1.1.1 Characteristics and application of lithium ion battery

As early as 1912, the study of lithium batteries (Li Battery) with lithium metal as the electrode began. In the 1970s, non-rechargeable lithium batteries were first used in the commercial field. In the 1980s, research focused on rechargeable lithium-ion batteries (Li-ion Battery), but did not successfully solve the battery safety problem. Until 1991, Sony first realized the commercialization of lithium-ion batteries, which is considered to be an important milestone in the field of energy technology.

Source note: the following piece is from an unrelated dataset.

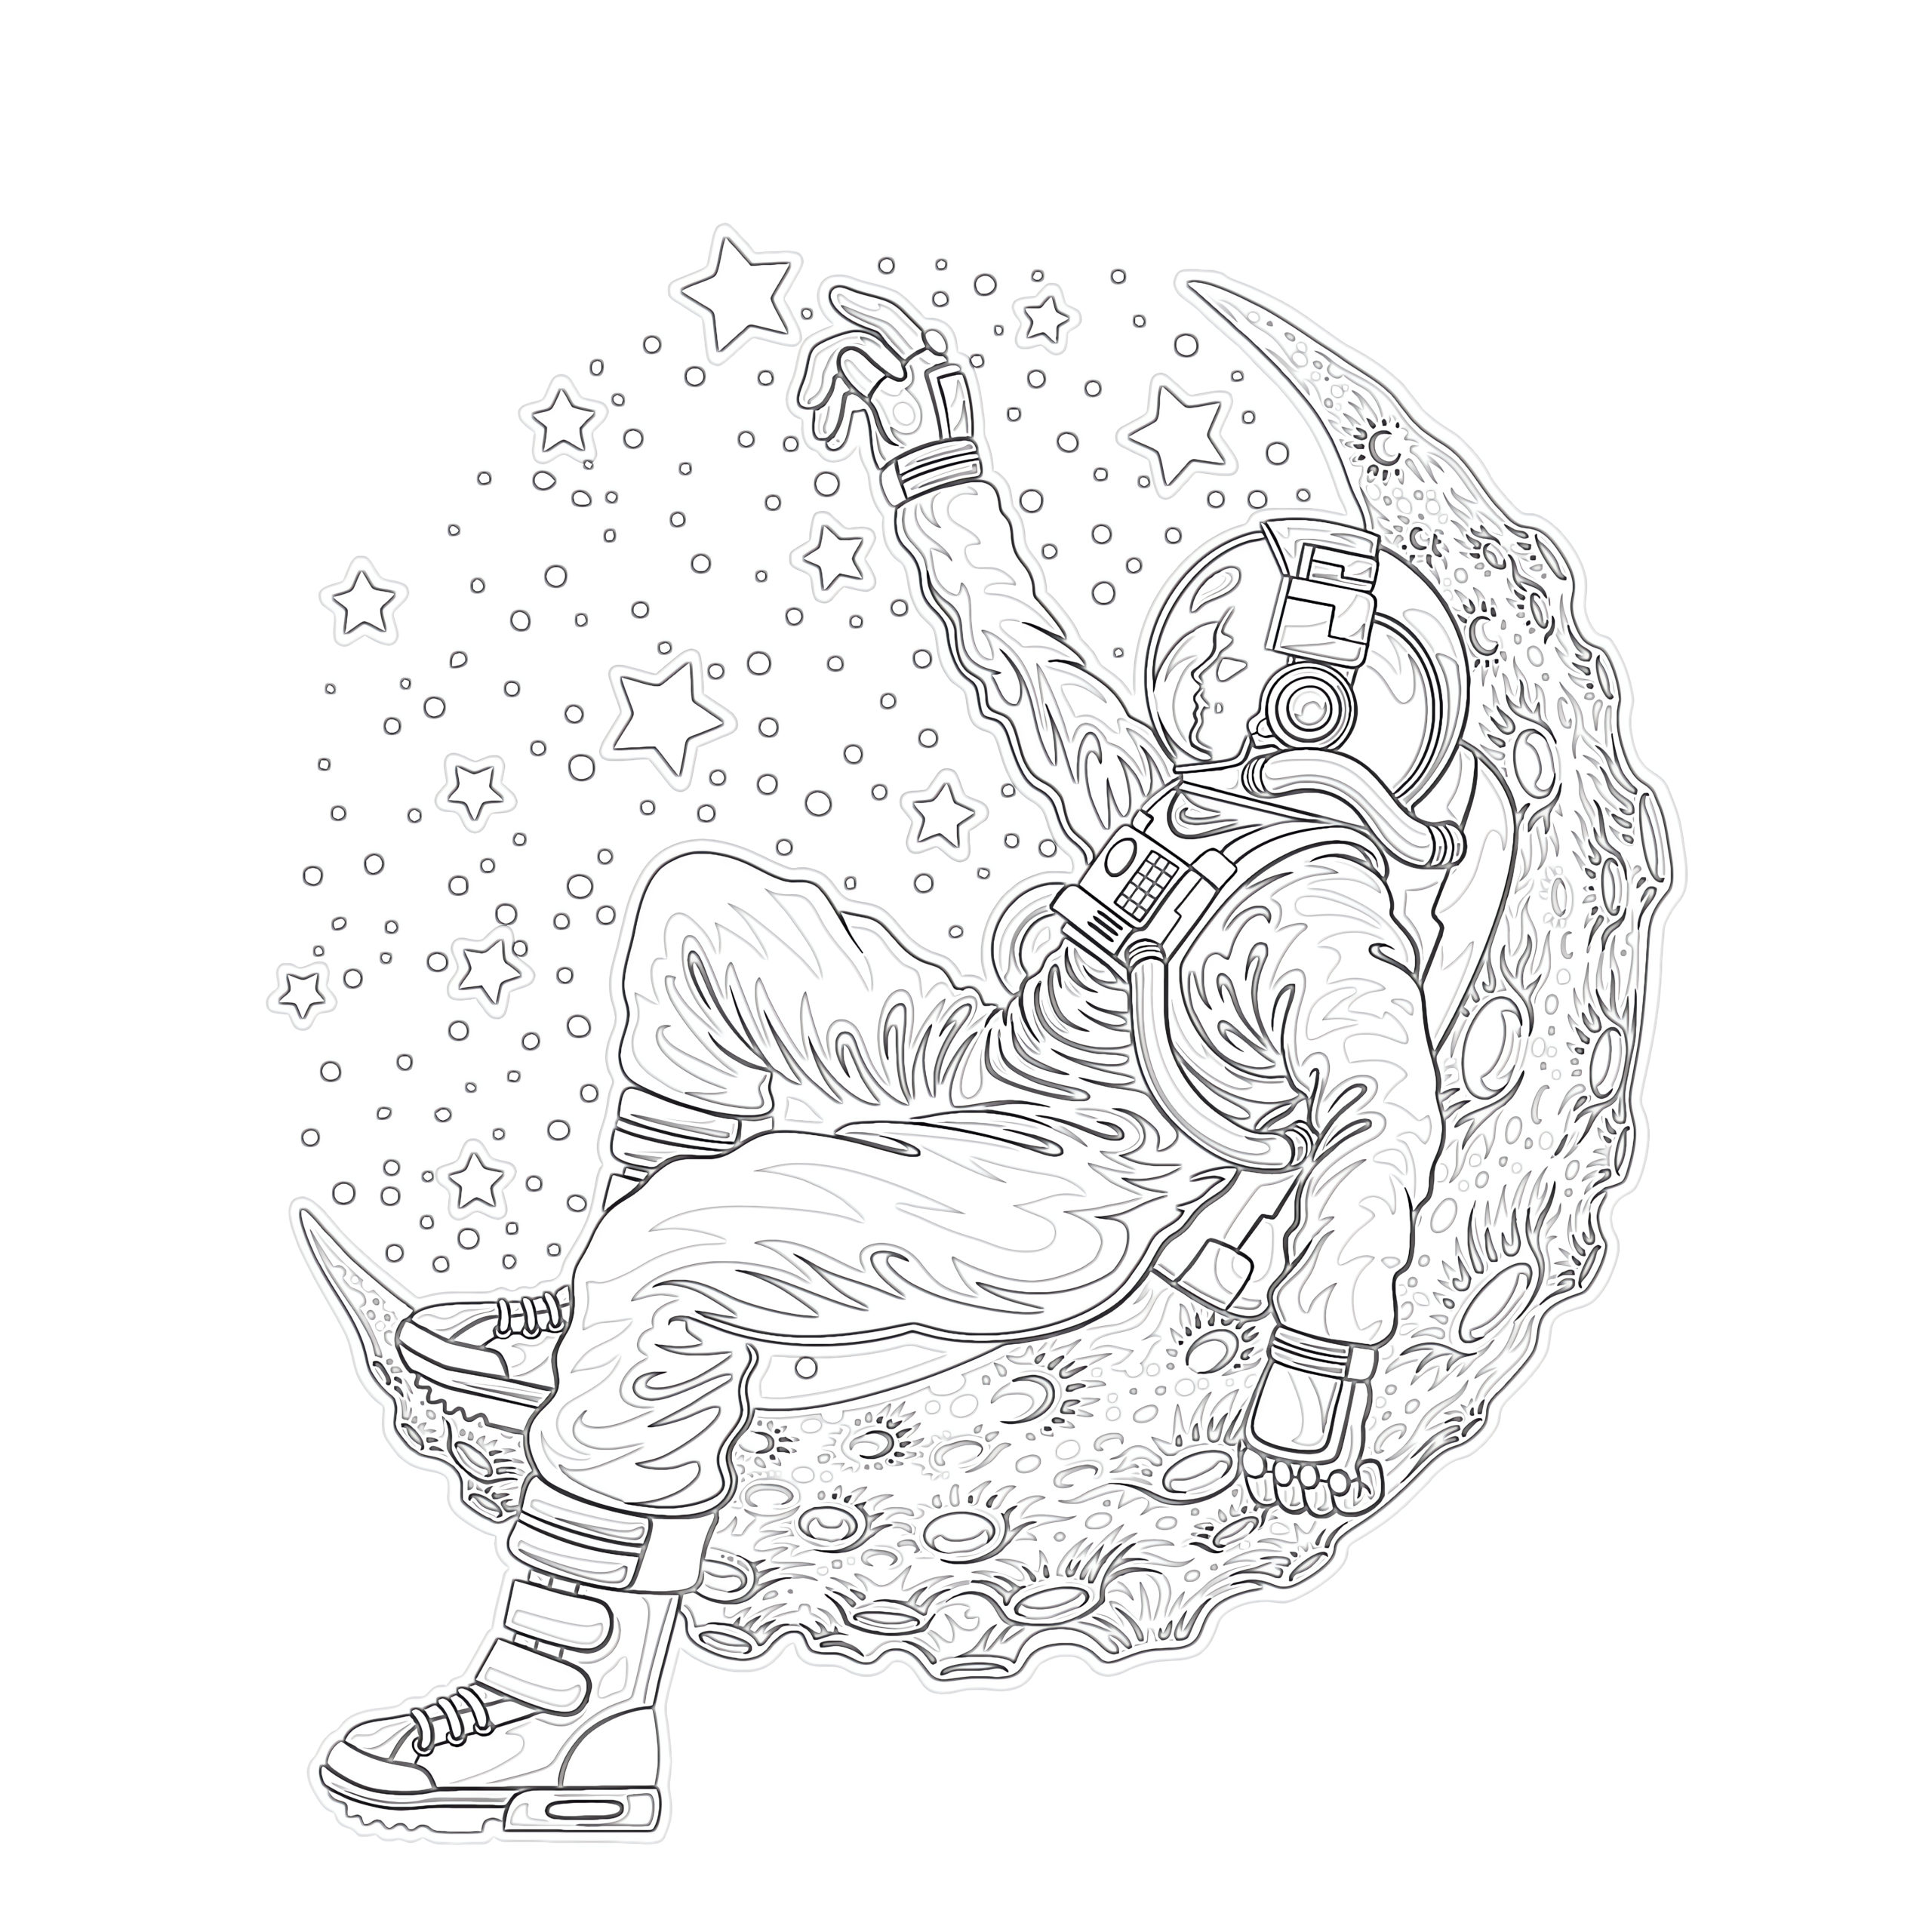 Astronaut Lying On The Moon coloring page - Mimi Panda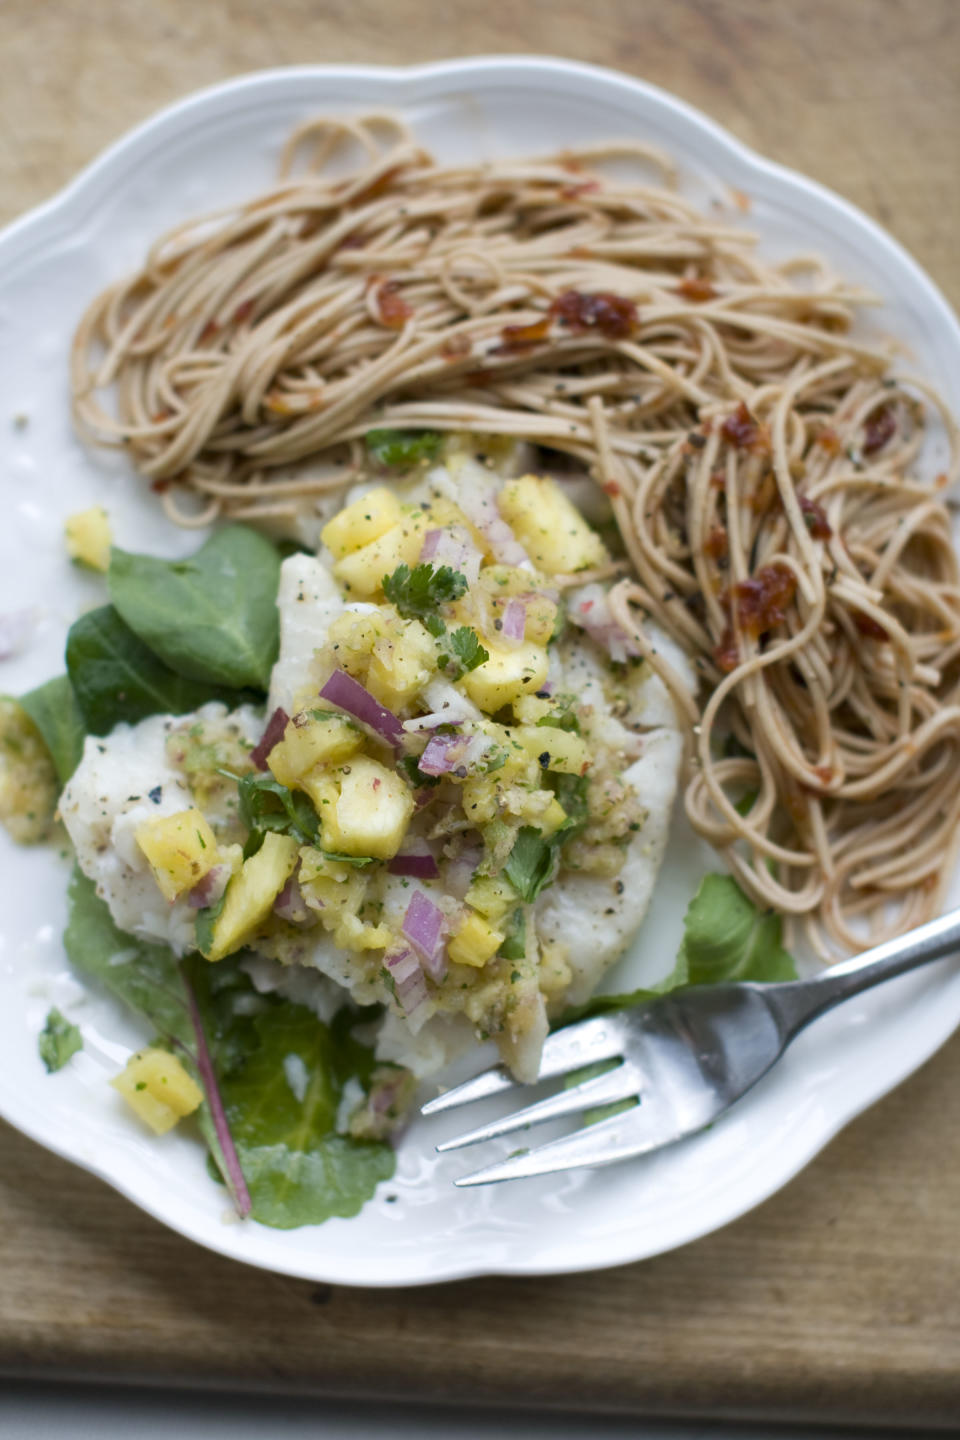 This Dec. 2, 2013 photo shows baked haddock with pineapple mint salsa in Concord, N.H. Baked white fish is a fast and healthy way to get dinner on the table. The secret to getting a good tasting baked white fish, without adding tons of fat and calories or rendering it a tasteless hunk of protein, is all in how you dress it. (AP Photo/Matthew Mead)

As shown in Table 1.1, lithium ion batteries have higher energy density (including mass ratio energy and volume ratio energy), higher charge and discharge cycles, and lower discharge rate than other secondary batteries such as Ni-Cd. And higher single cell operating voltage (3.6V). Obviously, the high operating voltage of the lithium-ion battery will help to reduce the size of the mobile equipment. The high energy density will help the battery to be lightweight, and the low discharge rate will ensure normal use during storage.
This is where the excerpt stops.